# Suche Buch zu XSD



## Samson_Miller (11. Okt 2006)

Hallo,

Ich suche ein gutes Buch über xml aber auch xsd sollte nicht zu knapp kommen. Ein wenig kenntnisse habe ich schon in xml, also sollte es kein Buch sein, was ganz bei 0 beginnt.
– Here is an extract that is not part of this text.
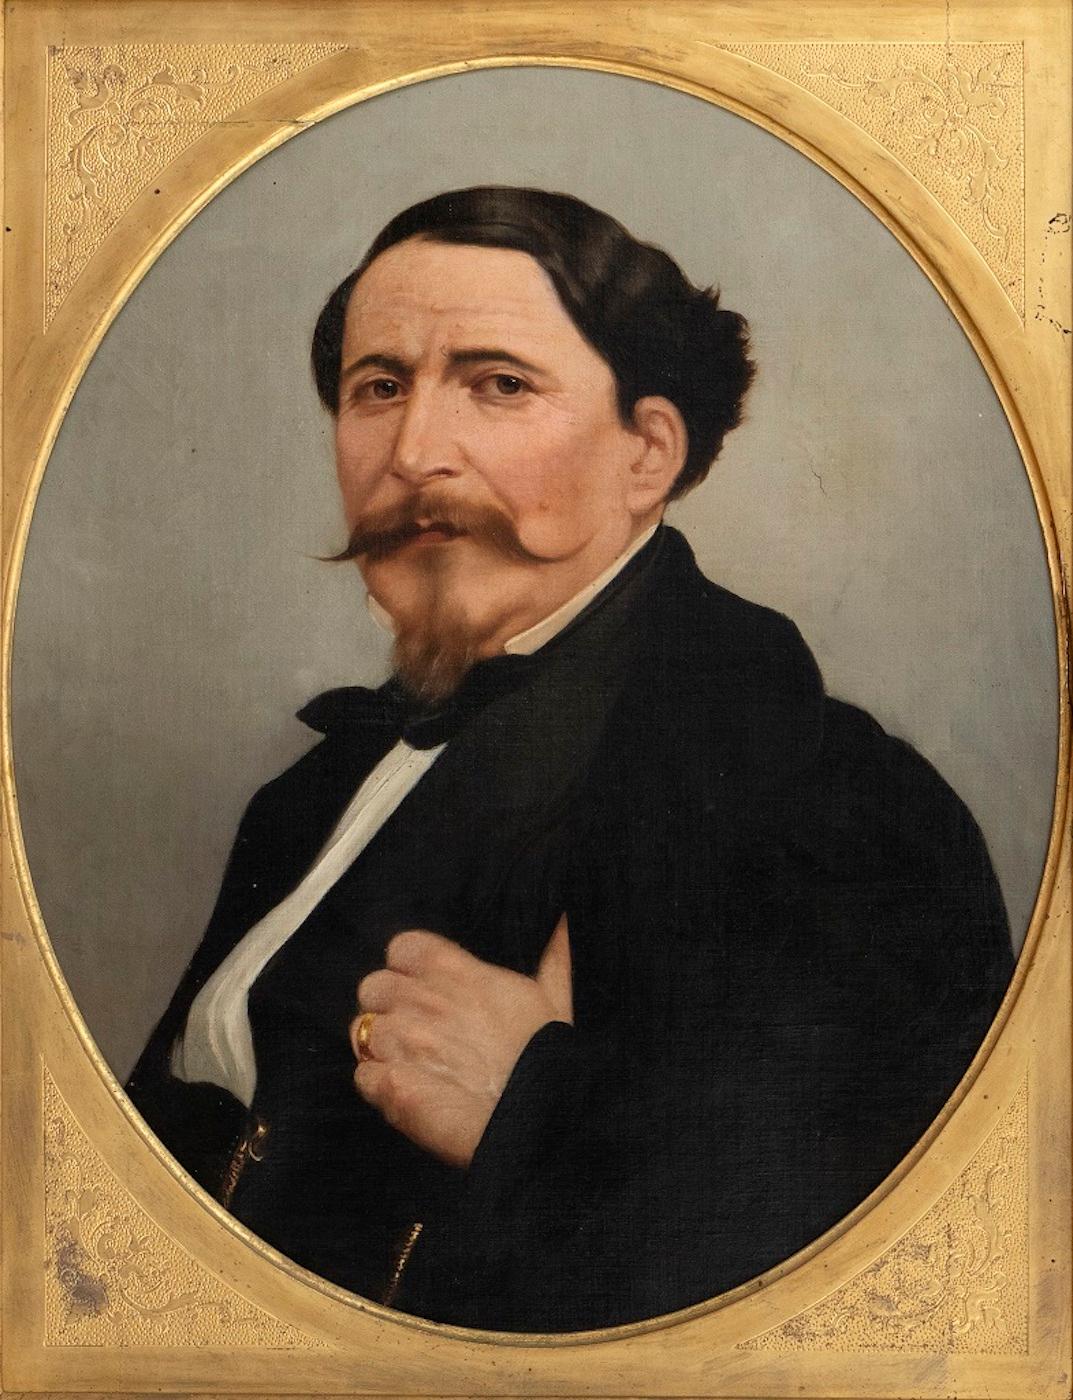 Portrait of a Man - Original Oil on Canvas by M. Gordigiani - Mid 19th Century 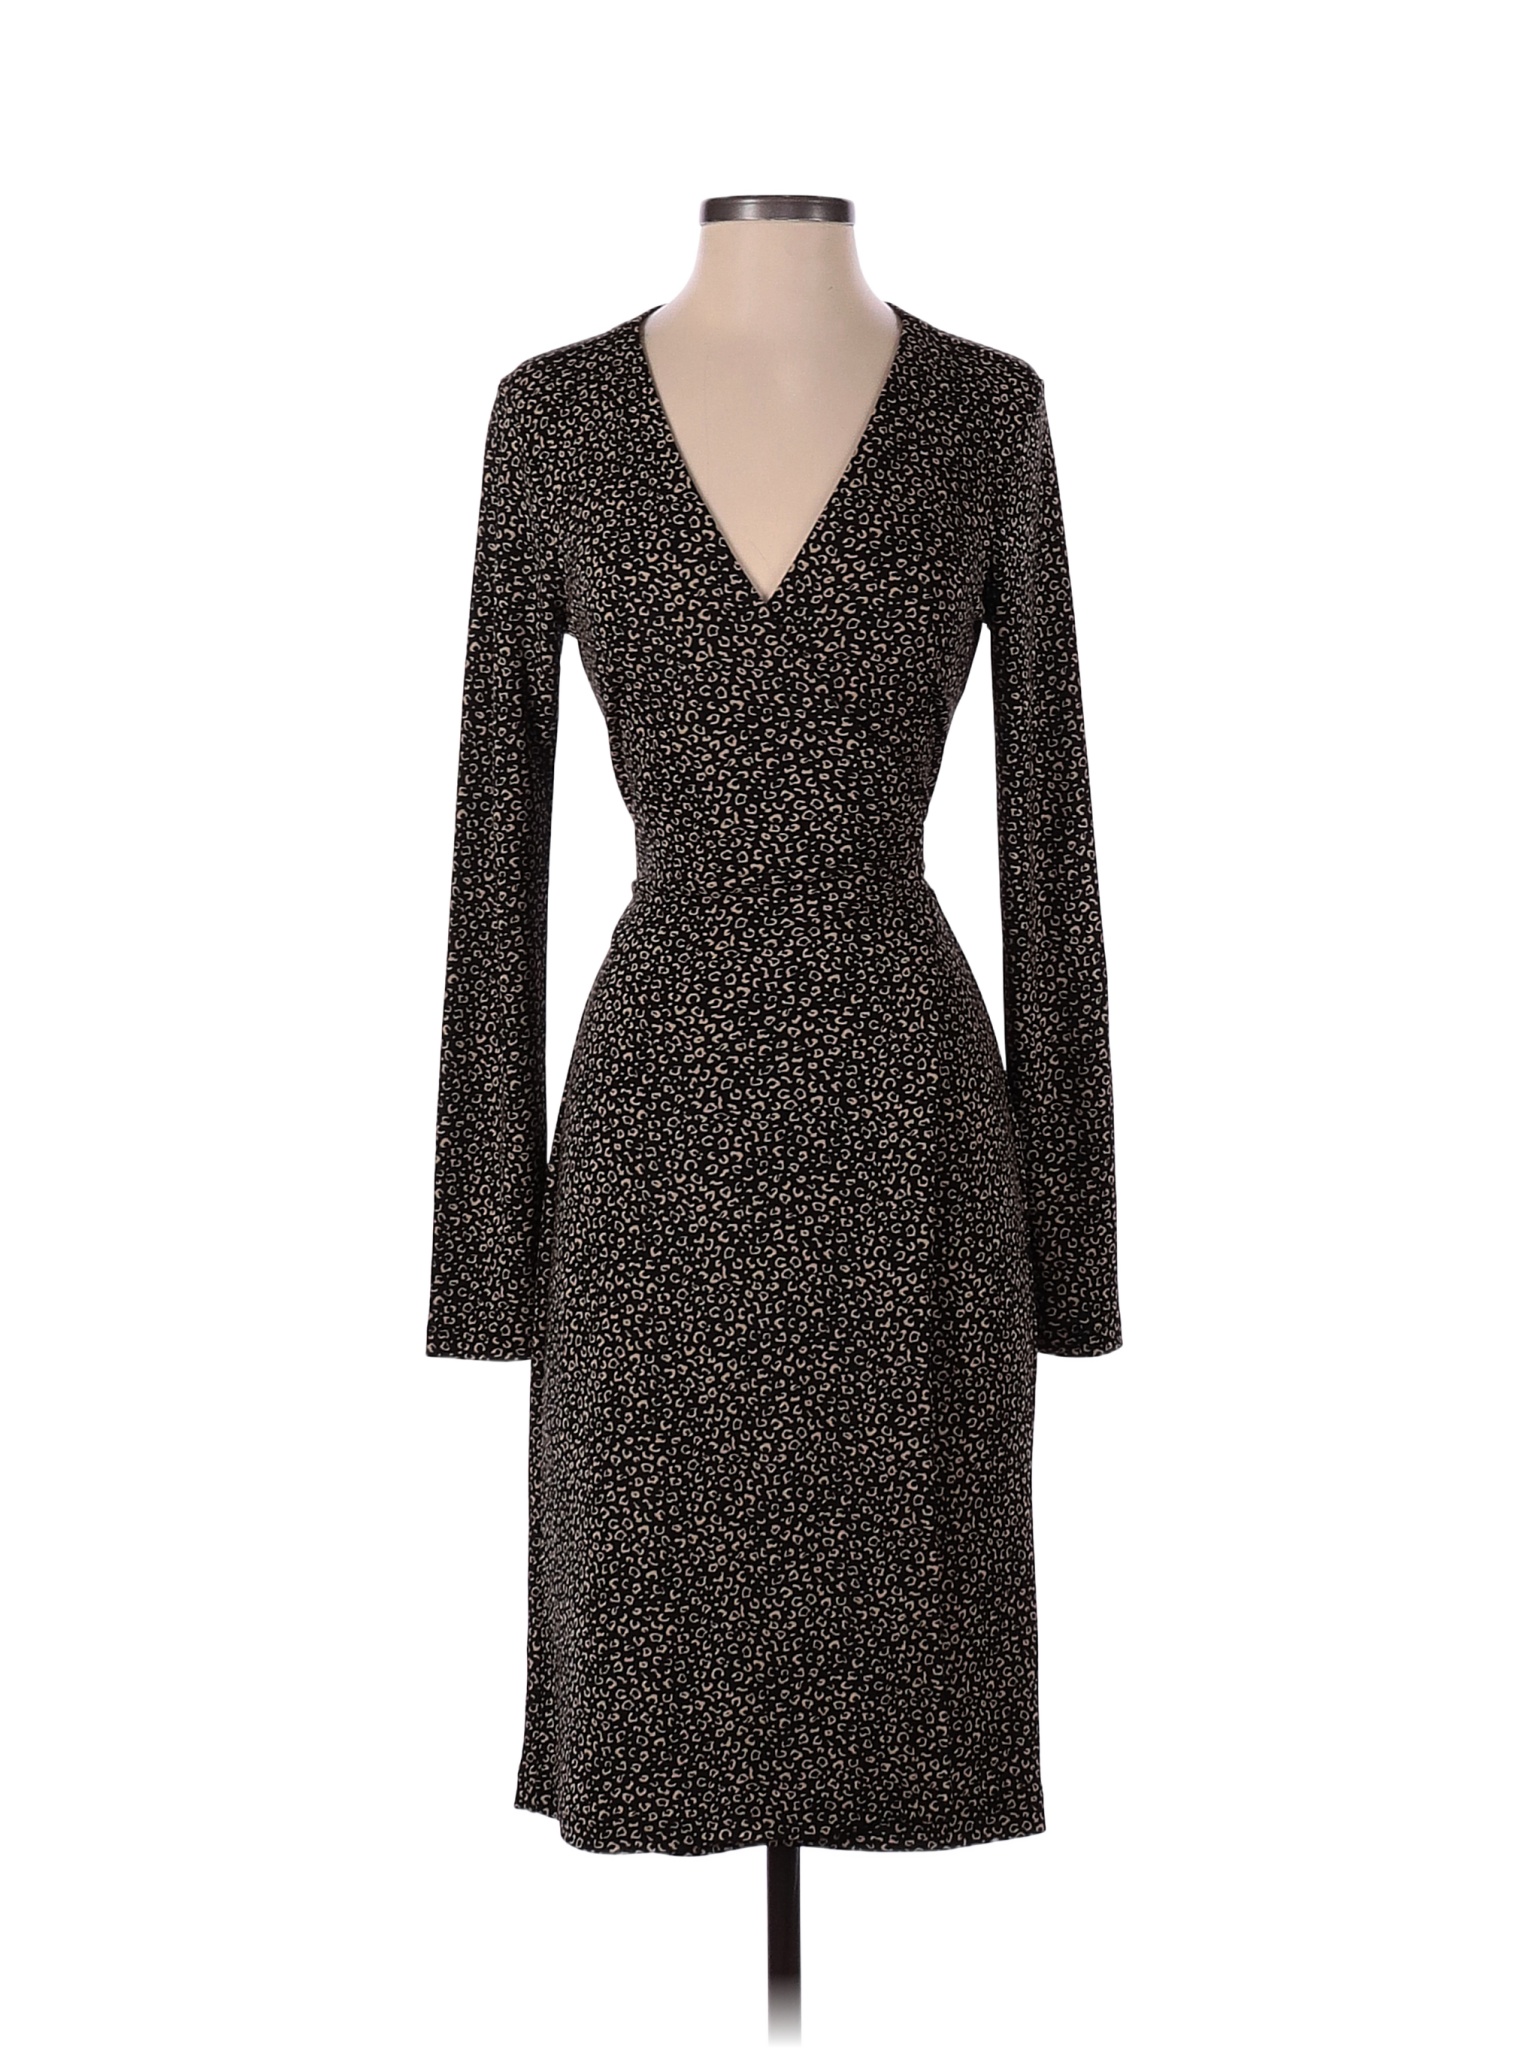 Ann Taylor Multi Color Black Casual Dress Size 2 - 75% off | thredUP

Was könnt ihr mir empfehlen?


----------



## huckfinn (11. Okt 2006)

Hi,

Skulus/ Wiederstein: XML-Schema ; Galileo Computing; Vollständige Einführung, Grundlage, Parxis, Referenzen Datenmodellierung.
Abgesehen das die Typen eine Babuschka nicht von einer Matrioschka unterscheiden können echt gut und sehr übersichtlich.

Bis denne Huckfinn


----------



## byte (12. Okt 2006)

huckfinn hat gesagt.:
			
		

> Abgesehen das die Typen eine Babuschka nicht von einer Matrioschka unterscheiden können echt gut und sehr übersichtlich.



Was soll das denn sein? Kenne die "Russian Doll" in Zusammenhang mit XML-Schema aber Babuschka und Matrioschka? Nie gehört und Google spuckt auch nix aus.


----------



## Samson_Miller (12. Okt 2006)

Danke für den Tipp. Nur bei Amazon schreiben manche, dass es einige Fehler in dem Buch gibt. Somit bin ich mir noch nicht so sicher.


----------



## huckfinn (12. Okt 2006)

Hi,

Eine Babuschka ist einfach eine OMA. Eine Matroschka ist eine Puppe, die man öffnen kann und dann ist wieder 'ne Puppe drin ... . Die Jungs im Buch nennen ineinandergeschachelte XML-Hierarchiekonstrukte  Babuschka-Design (Omadesign) meinen aber wahrscheinlich die Metapher mit der Puppe.

Bis denne Huck


----------



## byte (12. Okt 2006)

Die XML Bücher von O'Reilly finde ich sonst auch alle recht gut. Habe das XML-Schema Buch jedoch nicht selbst sondern nur mal was drin nachgeschlagen. Guck einfach mal bei Amazon.


----------